You're a breath of fresh air (not just today, but this one was particularly good). I've been in the profession for nearly 25 years, and the scared librarians were in evidence when I was in library school, too, so don't let their discouragement rub off. I believe firmly that we live in the greatest age to be a librarian in at least 500 years. The explosion of information tools and resources makes our expertise more essential to society than ever, and gives us more opportunities to do what we love in more creative and effective ways than ever before. I'm the director of a large health sciences library at a major research university and yes, the challenges can be daunting and by the end of most days I am damned tired out. But I wake up (nearly) every morning not quite believing my good fortune at being a librarian in this day and age. You said it very well: "One piece of information has the power to change someone's life, and we get to do it every day. Every day!"


Yes! Yes! Yes! Being a librarian rocks--thanks for putting it so eloquently.


Amen! Thanks so much for writing this post. I'm graduating with my MLIS next month, and slowly realizing the picture isn't anywhere near as gloomy as I'd been led to believe.

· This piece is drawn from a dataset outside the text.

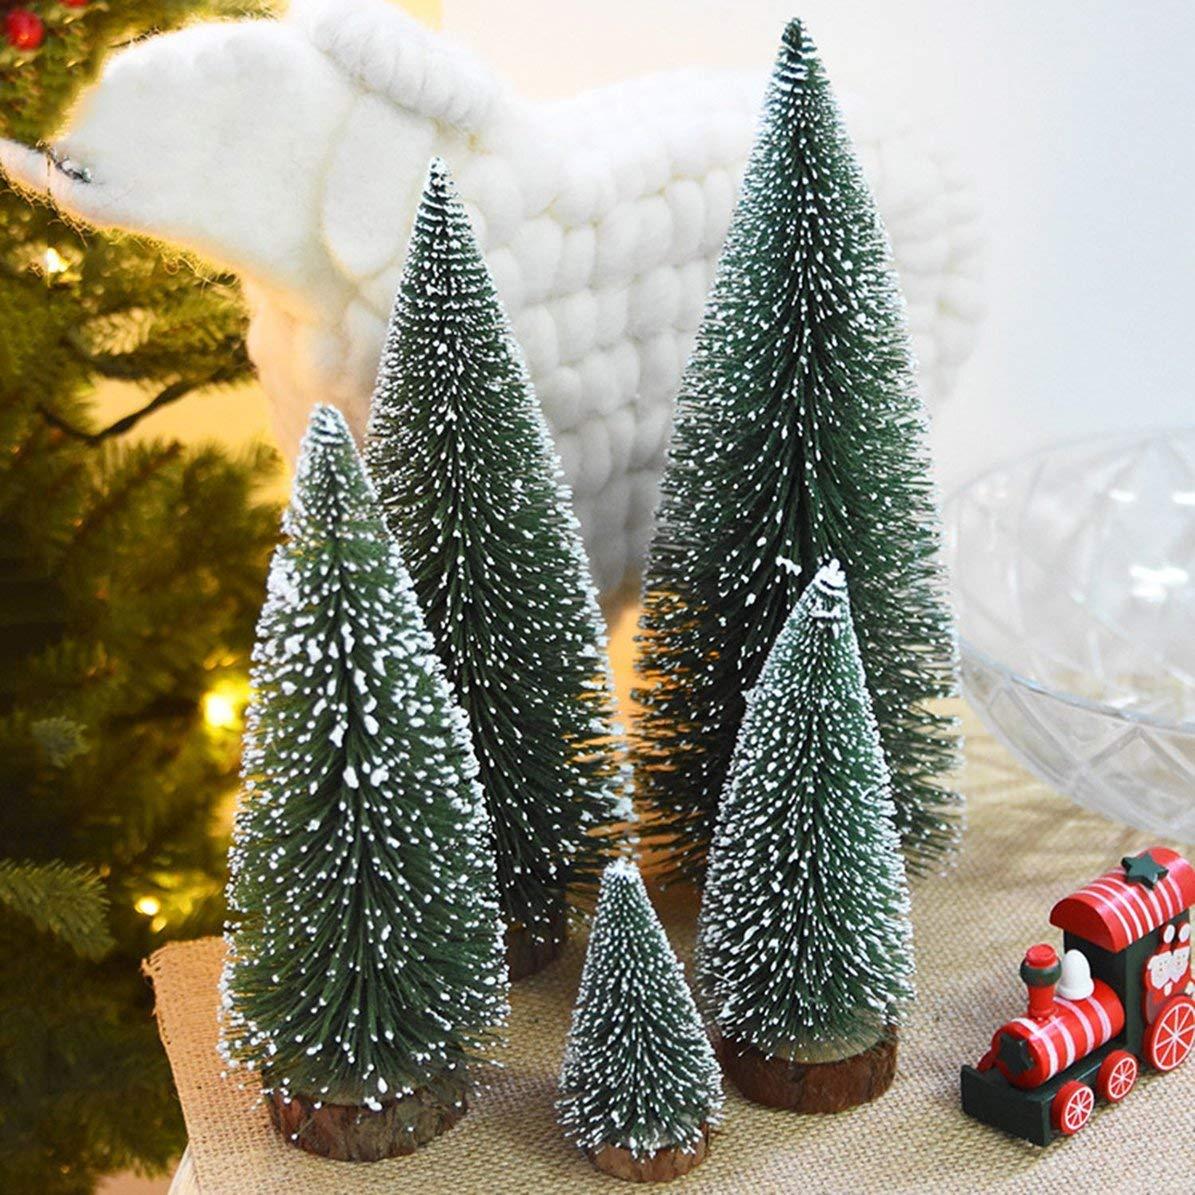 DoMoment Alberi di Natale Artificiali Mini Christmas Decoration Supplies Small Simulation Plant Snowy Desktop Alberi di Natale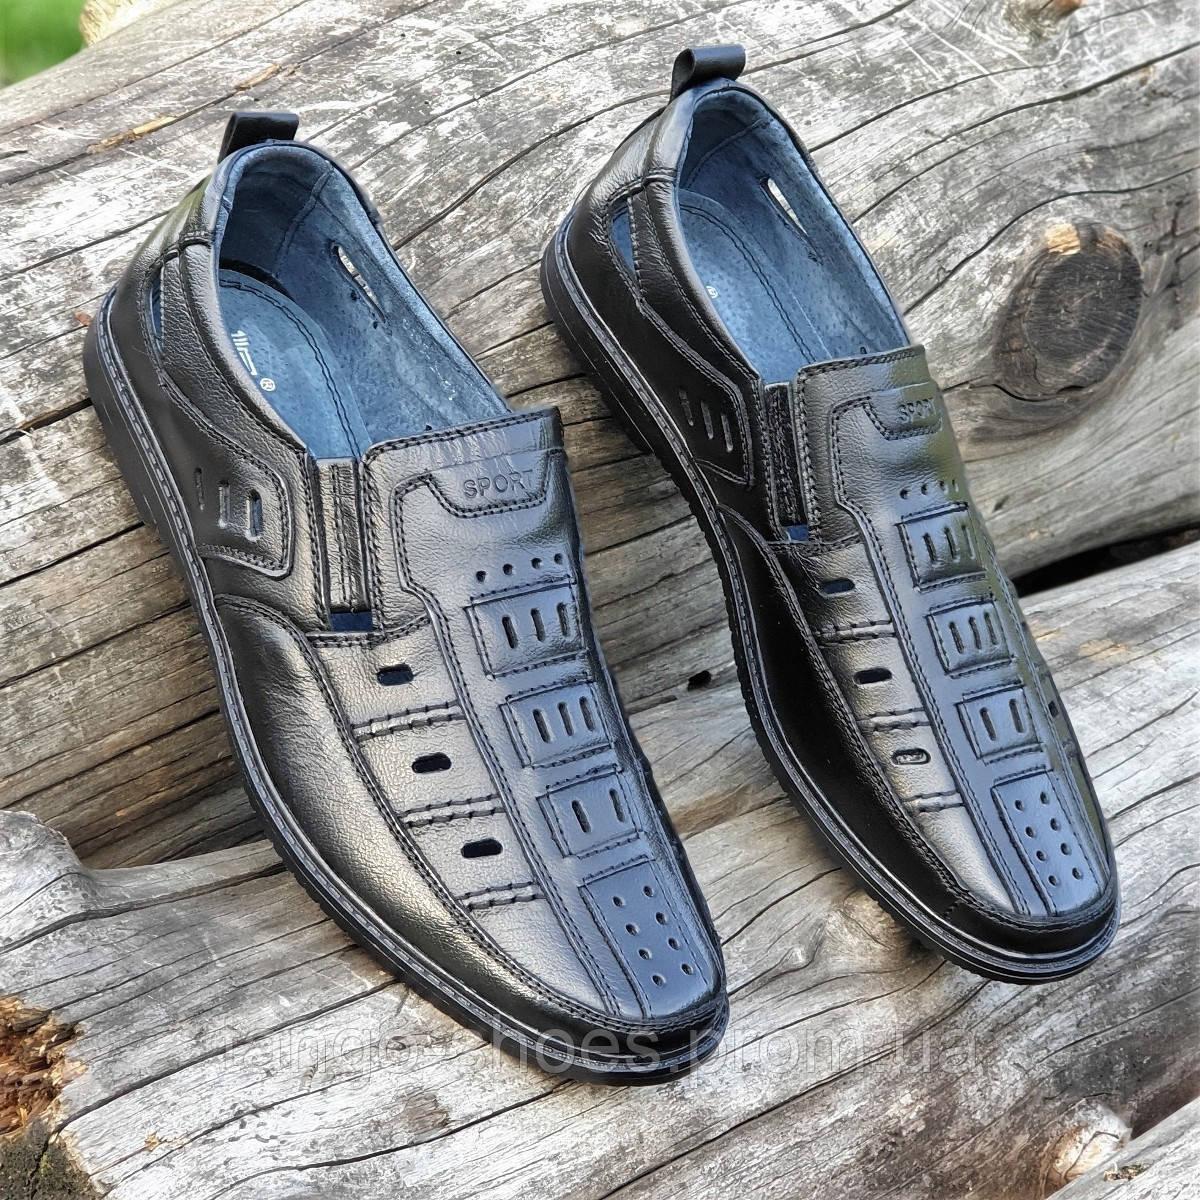 35bdfbfdcc89 Купить Мужские летние открытые туфли черные кожаные повседневные без  шнурков в ...

"Shake ya tail feather" ~ P. Diddy



Excellent post. For me, it took leaving library school (not necessarily quitting, because I didn't leave the field entirely and I plan to make another run at it in a few years) for me to truly want to be in the profession. It took me going to library school in the first place to get me into the field. I'm actually happier now about being in libraries than I was when I was in library school, and certainly way happier than I would have been had I finished and become a librarian (on paper). I'm certainly not saying that everyone in library school who is a bit unhappy or discouraged should just leave; everyone has to make decisions that feel right.

(An aside. I've never been a library page, and I've never even worked at a circ desk. I have never worked in a public library, or even a small academic library. My first library job was almost two years ago. Maybe I've been a bit spoiled by working in libraries that are among the biggest and best of their kind. Maybe I need to get some experience with those areas of libraries in order to have a full appreciation of what it takes to keep libraries running.)

Librarians will always have a place. There's never a shortage of things that need to get done. They cannot be replaced by machines. The key, though, will be having an edge that the world cannot live without.

I believe that user education will become the main role for librarians. After all, the users come first, right?


Well Said!


Thank you so much. I'm in the process of job hunting (just got my first nibble out of more than 100 applications), which is rapidly becoming soul-sucking. It's refreshing to hear some good news for a change that *isn't* telling me there is no job shortage.


but where are the library schools? there's in fact very little knowledge in societies of the complete role a librarian plays, or how much qualification is involved. for instance, while i had some ambitions of being a librarian, i never imagined it to be any thing as complete as what you've written about. nor has it ever crossed my mind that there are specific qualifications involved.okay, enough with the ranting but... will you tell me what are some places that have library school/courses? is that the term? thanks!